What can people expect when doing a photoshoot with you?
It’s always good for me to get an understanding of what they actually need because that way it allows me to approach a session in a different way. For example, if somebody has just done a yoga teacher training in Bali and is feeling, really beautiful and radiant flexible, we might want to go to the rice fields…
But if that person is planning on running a business in a city, let’s say New York City, or somewhere in Europe where there are no palm trees, it makes very little sense to include those pictures on the website. You want to have a relationship between the pictures and the purpose. Let’s go somewhere that we can get a bit of a feel that could be found somewhere in the Western world.
You live in Ubud, the vegan and yogi capital of Indonesia – what’s your favourite part of living there?
It attracts those that are like-minded. We have great food, yoga studios, restaurants, really good coffee, dairy-free ice cream… I feel so blessed…
If you want to go and just like have a mental and physical, so detox, Ubud is definitely the space.
And what’s your favourite part of a photoshoot with a yogi?
Photography is not just a location but a true, authentic connection. You’re not just capturing a photo, you’re capturing a personality and you’re capturing someone’s whole self. And that’s why I don’t want to work with fashion and models. I just want to work with real people.
Where’s your favourite place to shoot in Bali?

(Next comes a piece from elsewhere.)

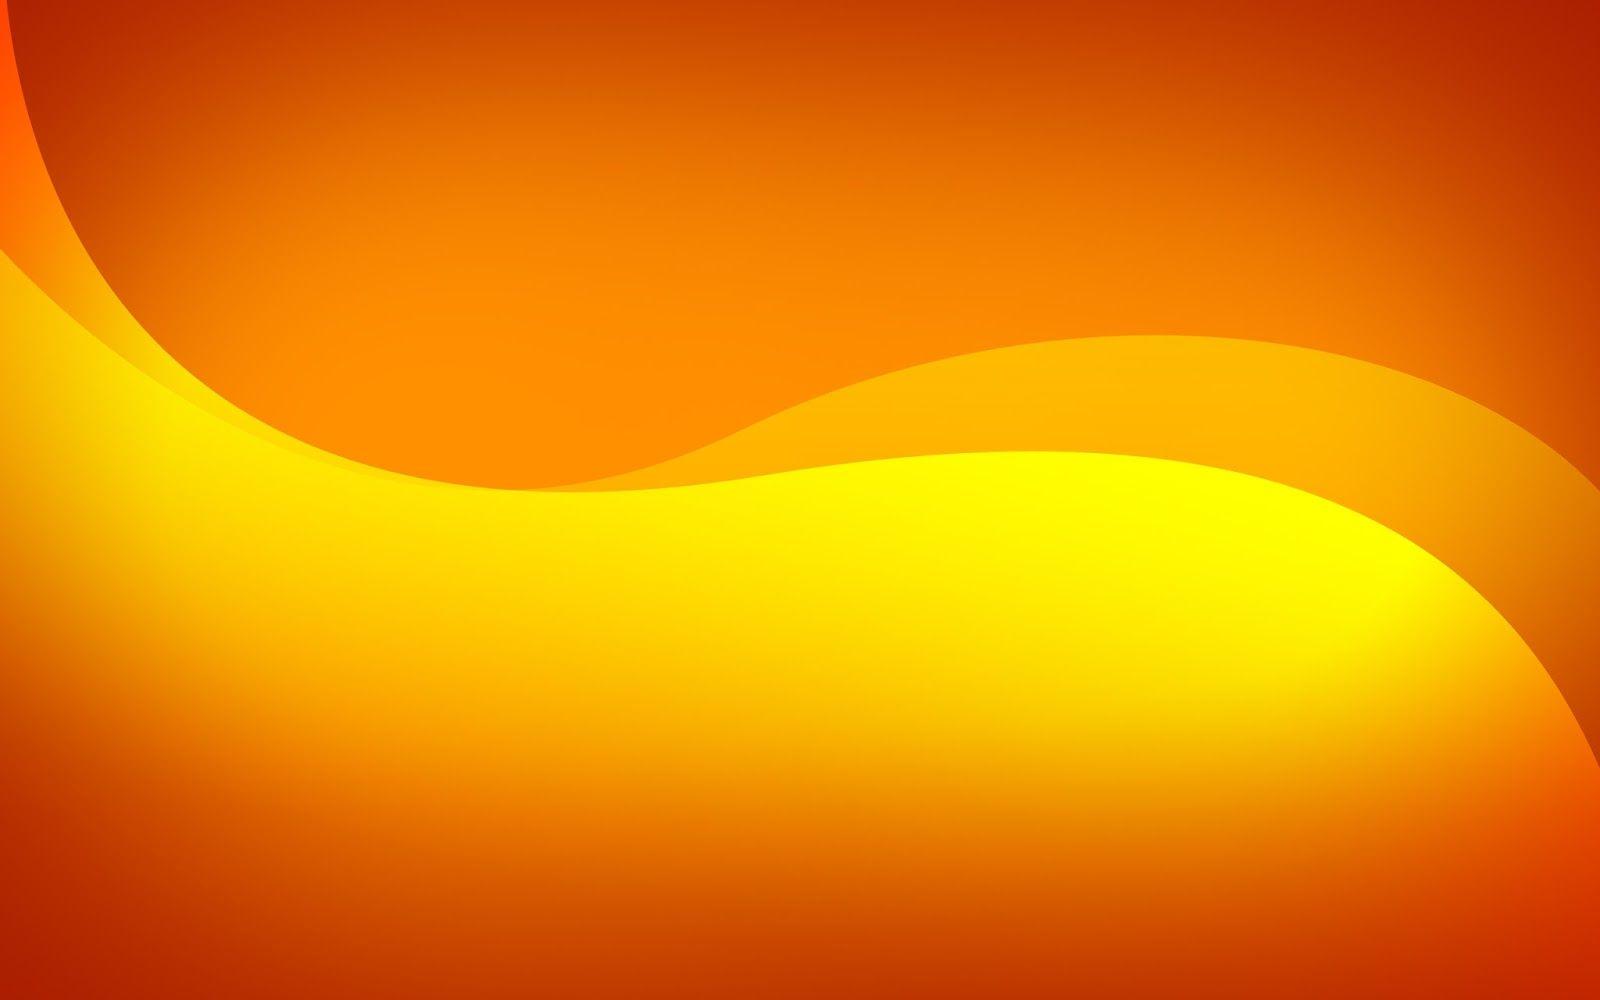 ImageTopia: Wallpapers Amarillos Y Naranjas.
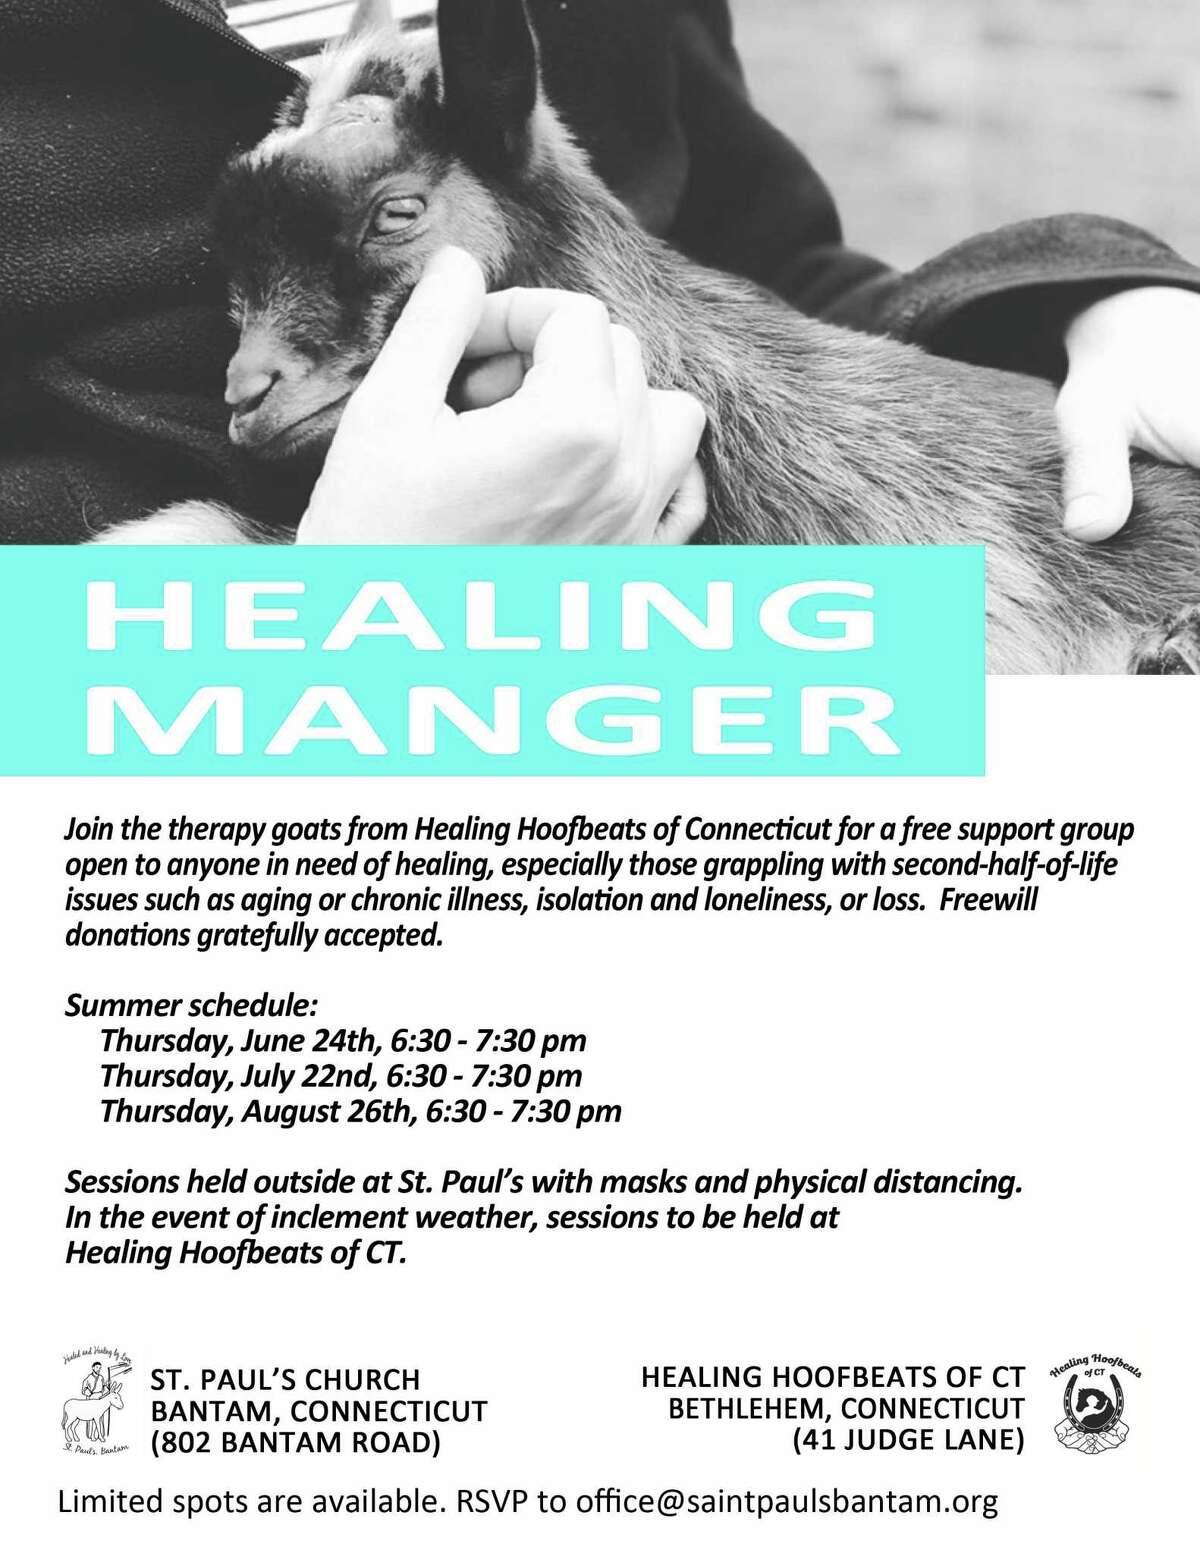 Healing Hoofbeat goats will visit St. Paul's Church in Bantam this summer.

The ocean. I love the ocean… let’s call it the beach because I don’t go on a boat and I’m not like in the ocean, but you know, I come from a landlocked country, I come from Austria so I have big respect [for it]. I’m not a surfer or a diver or anything. The ocean is a powerful place and now I try to go to the ocean about twice a week.
While there’s no such thing as the perfect yoga pose or photo, what’s the best way to capture that perfect yoga image?
As much as we are all attracted to really advanced poses, like a really advanced Dancers Pose or a half-moon bind is gorgeous, or any heart-opening pose or anything like that is it’s really beautiful to look at. But just because you’re not there doesn’t mean you don’t, you won’t go home with beautiful pictures and to be perfectly honest with you, I really need to tone it down.
But often even with the advanced people for different reasons, first of all, if I look at somebody’s account or yoga teachers website, and I’m about to decide if I’m going to sign up for their class or retreat… To me, it’s, it’s, it’s a given that person is it’s advanced, you know, like most likely that person has a lot to offer and most likely, also has a lot to offer in terms of assets. So it doesn’t have to be a show-off approach and those yoga teachers [should] be able to show up as they are and there, they allow me to really capture their essence and authentic self in front of the camera.
Oftentimes the most beautiful pictures are the ones where the intention is there and you can feel it. And that’s why I love to have that connection.